Critics also point out that the commoditization thesis, while theoretically interesting, might not actually play out the way Apple hopes. What if frontier AI models do not become commodities? What if the companies spending hundreds of billions right now build capabilities that are so far ahead of anything Apple can access through a partnership deal that the gap becomes impossible to close? Google is not just building models. They are integrating AI into Search, into Gmail, into Maps, into Android, and creating an ecosystem lock in that could challenge the iPhone's hold on users in a way that no competitor has managed to do before.

There is also the question of what happens if one of Apple's key AI partners decides they no longer want to play nice. Right now Apple depends on Google and OpenAI for a significant chunk of its AI capability. Those are relationships that could get complicated, especially as competition intensifies.
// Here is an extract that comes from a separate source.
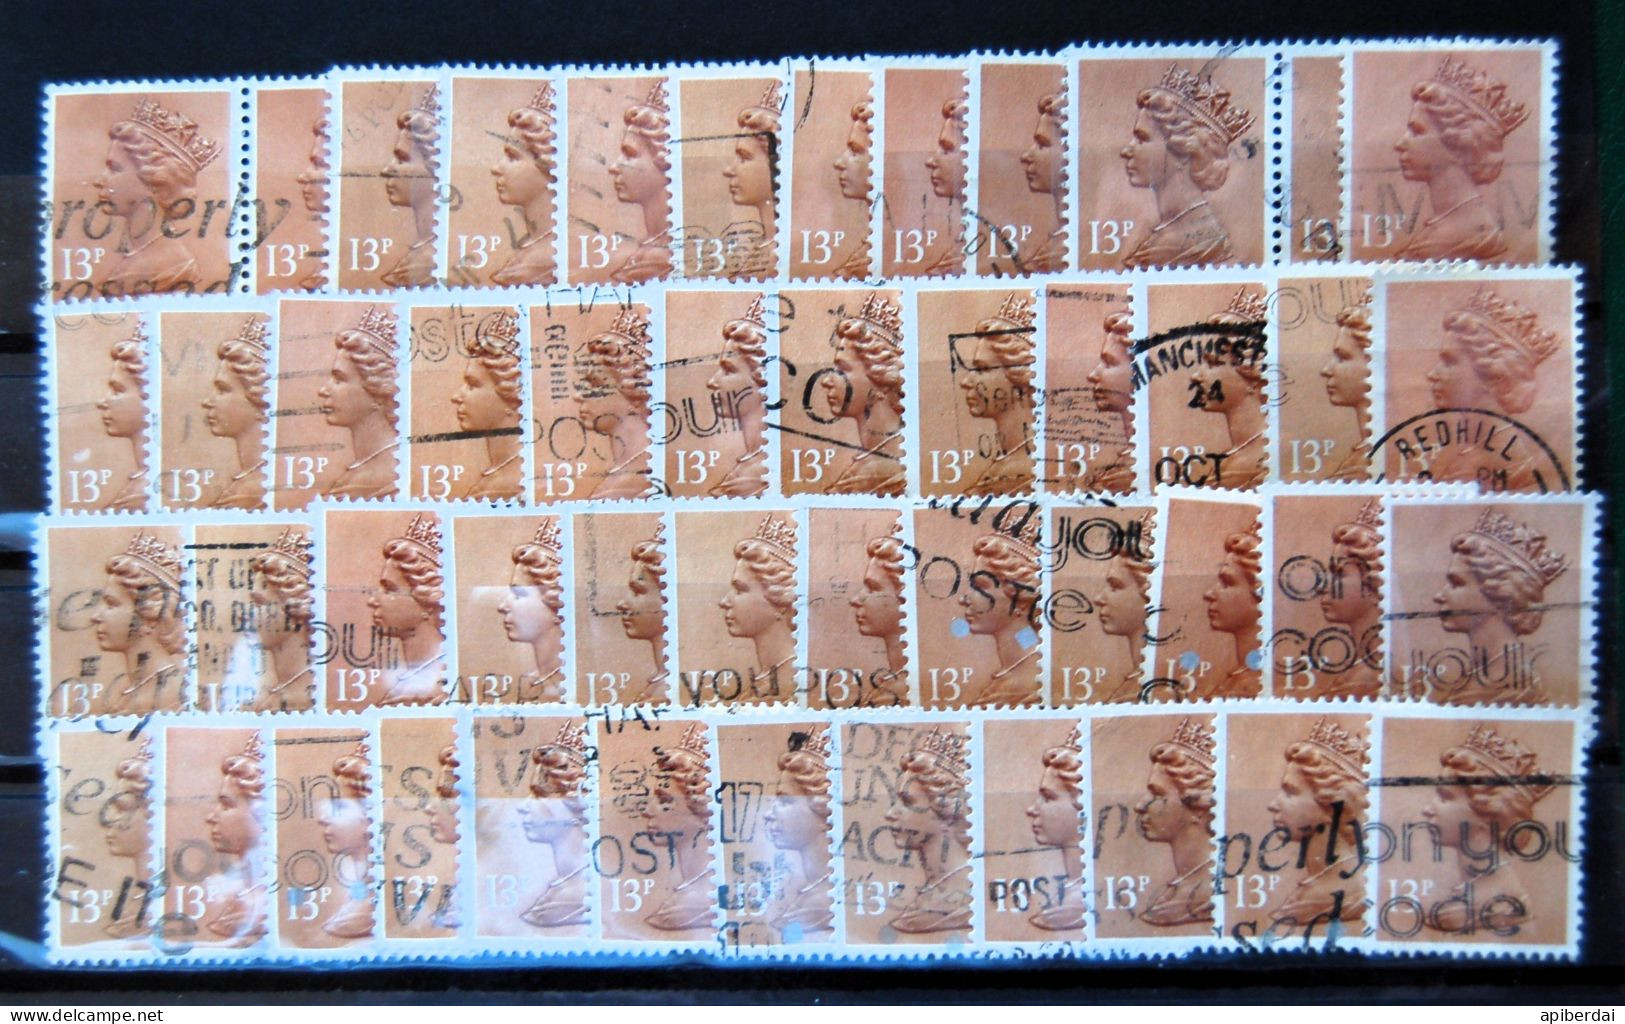 Angleterre Great-britain  - Accumulation Of 48 Machin Stamps 13p Used - Série 'Machin'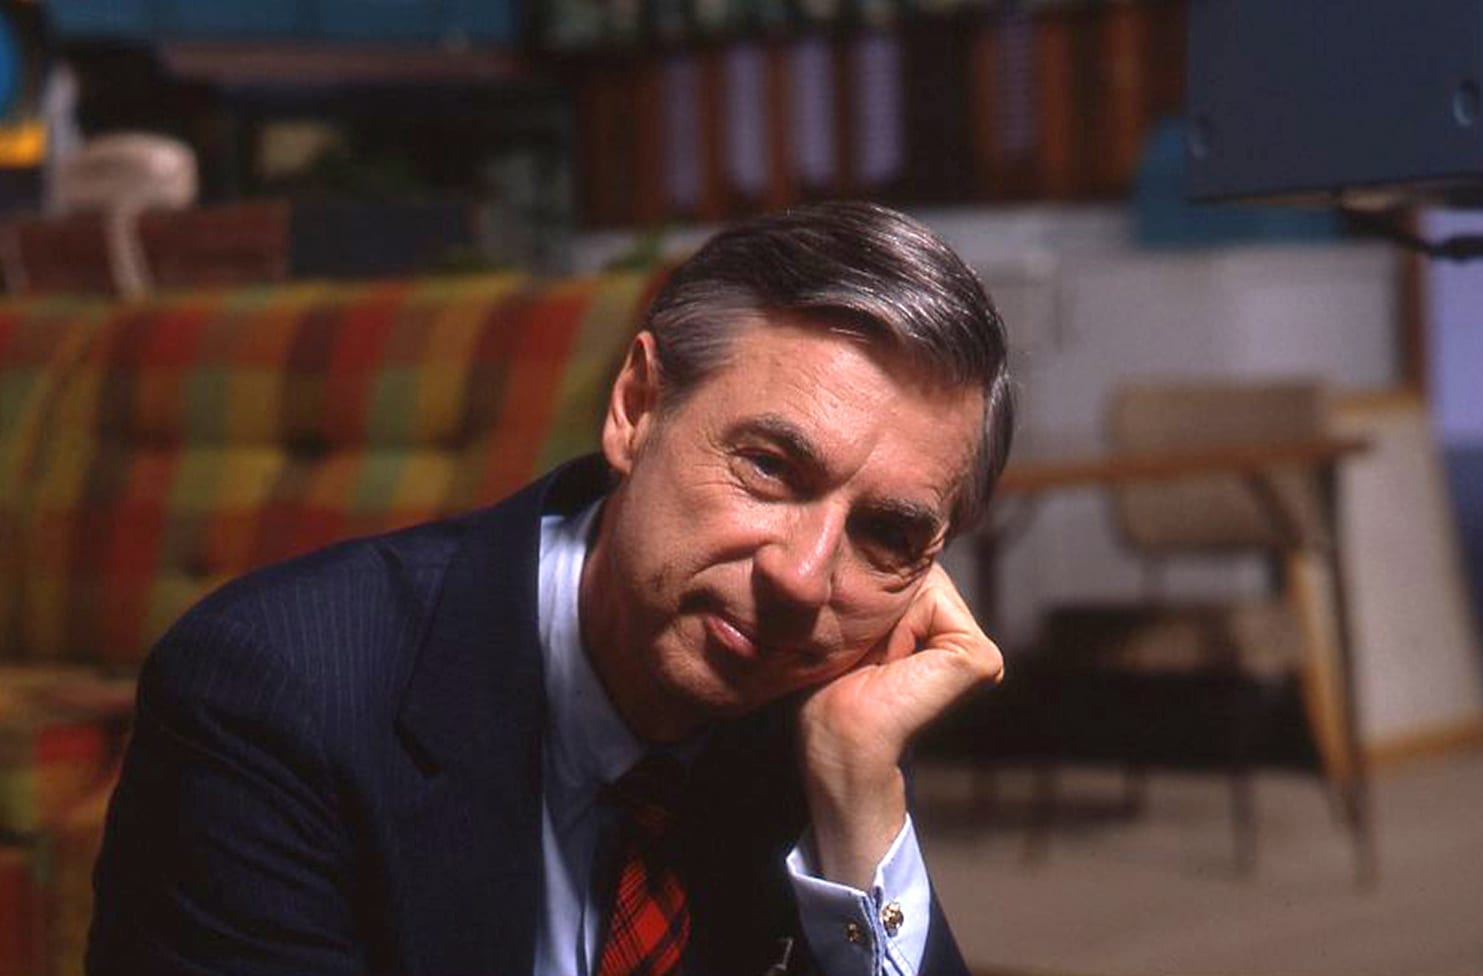 Celebrate the late Fred Rogers’ 90th birthday by watching the official trailer for ‘Won’t You Be My Neighbor?’

What This Means for the Stock

Apple currently trades at a forward price to earnings ratio that reflects continued confidence in its long term position. The stock has actually held up relatively well during periods when the broader tech sector sold off over AI spending concerns, which is itself kind of a statement. When investors got nervous about the sustainability of hyperscaler spending, money rotated into Apple as a relative safe haven within Big Tech, because Apple is not taking on that same risk.

But 2026 is genuinely a make or break year for this strategy. If Apple delivers a meaningfully upgraded Siri later this year, something that actually demonstrates the kind of contextual intelligence they showed at WWDC 2024, the narrative flips completely. A successful Siri launch would validate the whole patient, capital efficient approach and set up what could be a very powerful iPhone 18 upgrade cycle headed into 2027. That is a catalyst worth watching.

If the Siri delays keep piling up and the upgrade fails to impress, the bear case gets a lot louder. At that point you have a company sitting on a shrinking AI advantage in its core product while competitors are a year or two ahead on capabilities and spending aggressively to extend that lead.

The honest answer right now is that nobody actually knows how this plays out. Apple has pulled off the late mover thing before. But they have also never been this far behind in a category this important to the future of their core product. The next few months will tell us a lot.